А Софинька — очаровательна. Третьего дня она назначена шефом своего класса. Смотрит за порядком, за поведением. Рассаживает учениц по местам. Вчера видели интересную картину, как она отправлялась на урок музыки. Садится на велосипед, на котором ездит великолепно, за ней неотступно летит Мот1, а за ними двумя вприпрыжку Люля. Очень интересное зрелище! Дорога ее туда проходит по улицам тихим, так что не так опасно, да и ездит она так хорошо, точно целые годы упражнялась.

Метнера не застал. Он уже в Лондоне2. Вчера впервые исполнялся рекорд Рапсодии для Льва Конюса и Lokart'а. Успех большой. Очень! Я начинаю уже привыкать к сему и после исполнения уверенно жду выражения восторга.

Еще вот что. На пароходе я немного отдохнул и чувствую себя сейчас крепче.

До свидания, дорогая Сонечка! Будь здорова. Всем кланяемся!

Твой С. Р.

Е. И. СОМОВУ

29 января 1935 г.

[Париж]

Дорогой Евгений Иванович,

Если храм Христа Спасителя заплатит мне по векселю 400 дол[ларов], то я согласен 400 дол[ларов], данные на честное слово, простить, позабыв о слове честности.

Рецензию при сем возвращаю обратно. Это и вся деловая часть моего письма.

Ради бога, не сердитесь, что до сих пор Вам не писал и что сегодня так мало пишу. Обо всем узнаете от Сонечки, которой отправил письмо неделю назад1.

Через два дня уезжаем на концерты.

Всего Вам лучшего. Поклон от всех нас.

С. Р.

Вчера вечером был на премьере «Ревизора» с Чеховым, которого через неделю везут Вам в Америку2. Чехов только местами удивительно хорош. А если где нехорош, то от переигрывания. Недурен городничий. Остальные — одно горе. Сплошной шарж. В общем — разочарование.

Сейчас буду обедать с Чеховым3. Завтра уезжаем на работу.

Привет. С. Р.

С. А. САТИНОЙ

2 февраля 1935 г.

[Копенгаген]

Дорогая моя Сонечка,

Третьего дня вечером приехали сюда. Вчера был мой первый концерт здесь1, в Европе. Сошел ничего. И играл недурно, но испортил два пятых пальца на обеих руках. Знаешь, когда кожа отходит от ногтя.
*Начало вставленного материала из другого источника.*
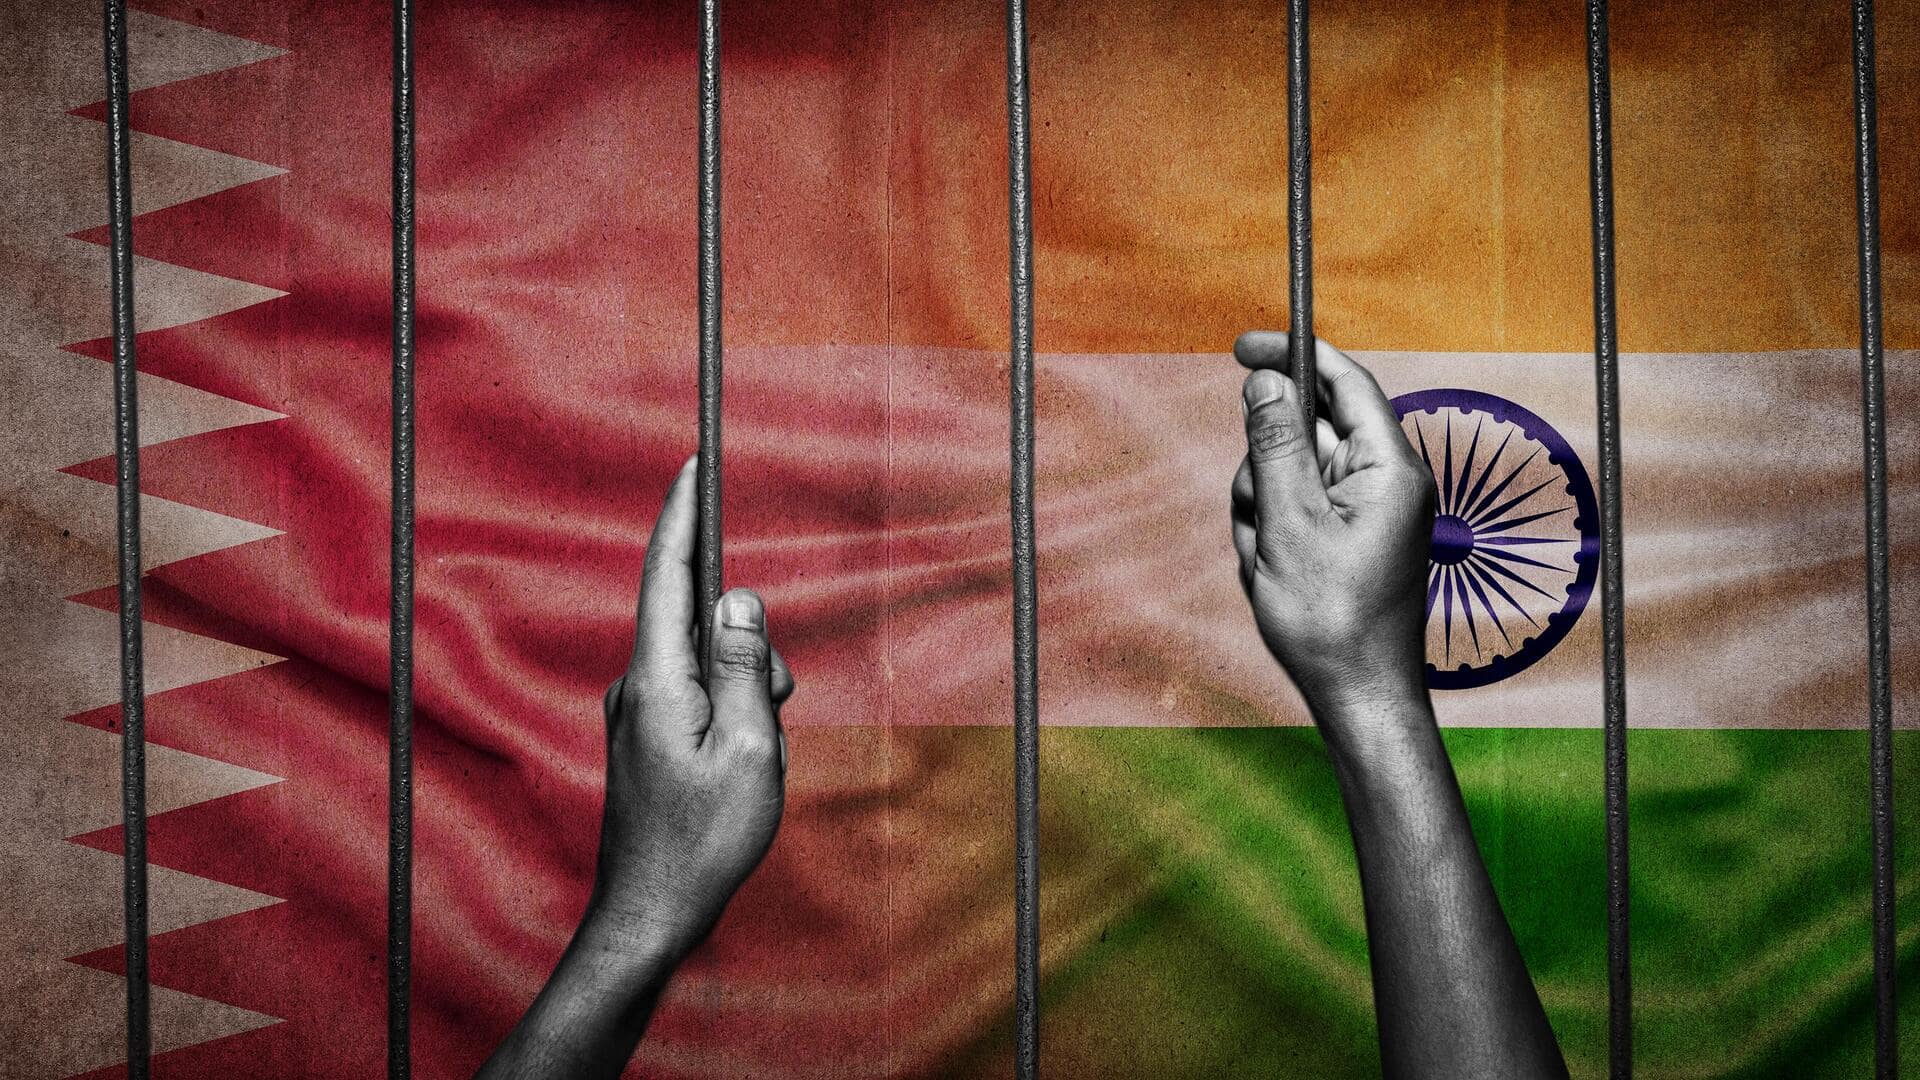 भारत की बड़ी कूटनीतिक जीत, कतर की जेल में बंद 8 पूर्व नौसैनिक रिहा, स्वदेश लौटे

В антракте ко мне пришел мой милый доктор [неразборчиво], у которого я лечился, когда жил здесь восемнадцать лет назад2. Хочу воспользоваться пребыванием здесь, чтобы к нему съездить и узнать, что мне делать и как лечить свои пальцы. И вообще с ним посоветоваться. Он хороший доктор, очень мне помогал, а главное, мне симпатичен.

На концерте была королева и масса народу. Не допродано несколько дорогих мест. Успех большой!

Завтра уезжаем в Oslo. Какой там сбор, не знаю. Зато из Стокгольма получил письмо, что первый концерт будет распродан3, что меня очень радует.

Здоровье мое хорошо. Только в Париже последние дни расклеился. Что-то съел, и желудок испортился. Ослабел и похудел! Но теперь, как сказал, опять все хорошо.

Встретил здесь много старых знакомых. Хороший это городок. И погода здесь славная. Снежок и солнечно. До свидания, моя дорогая Сонечка! Будь здорова!

Твой С. Р.

P.S. В Париже застал «Ревизора» с Чеховым4. Он только местами великолепен. Остальные, за исключением городничего, несносны. На следующий день обо всем сказал Чехову, с которым обедали5. Очень он милый человек. Ты его, наверное, увидишь, так как я просил Сомова во всем ему помогать6, чему Чехов очень обрадовался.

С. Р.

Е. И. и Е. К. СОМОВЫМ

10 февраля 1935 г.

[Стокгольм]

Милые Сомовы,

На следующий день после первого концерта в Копенгагене я немного простудился и слег на два дня в постель. По совету своего доктора-друга — имеется такой у меня в Копенгагене — послал телеграмму в Oslo, что первый концерт отменяю. На следующий день почувствовал себя лучше и успел отменить данное решение и появиться вовремя в Oslo1.Сбор был не совсем полный, а успех полный. Но я все же, чтобы дать себе некоторый отдых — щеки мои совсем ввалились, — второй концерт в Oslo отменил, несмотря на все настояния manager'oв и на обещание полного сбора. Эта отмена дала мне возможность прожить здесь, в Stockholm'e пять дней, никуда не двигаясь. Первый концерт, третьего дня — распродан, а что будет послезавтра не знаю. Вчера к вечеру была распродана половина зала, что для одного дня — хорошо2. Это дела концертные.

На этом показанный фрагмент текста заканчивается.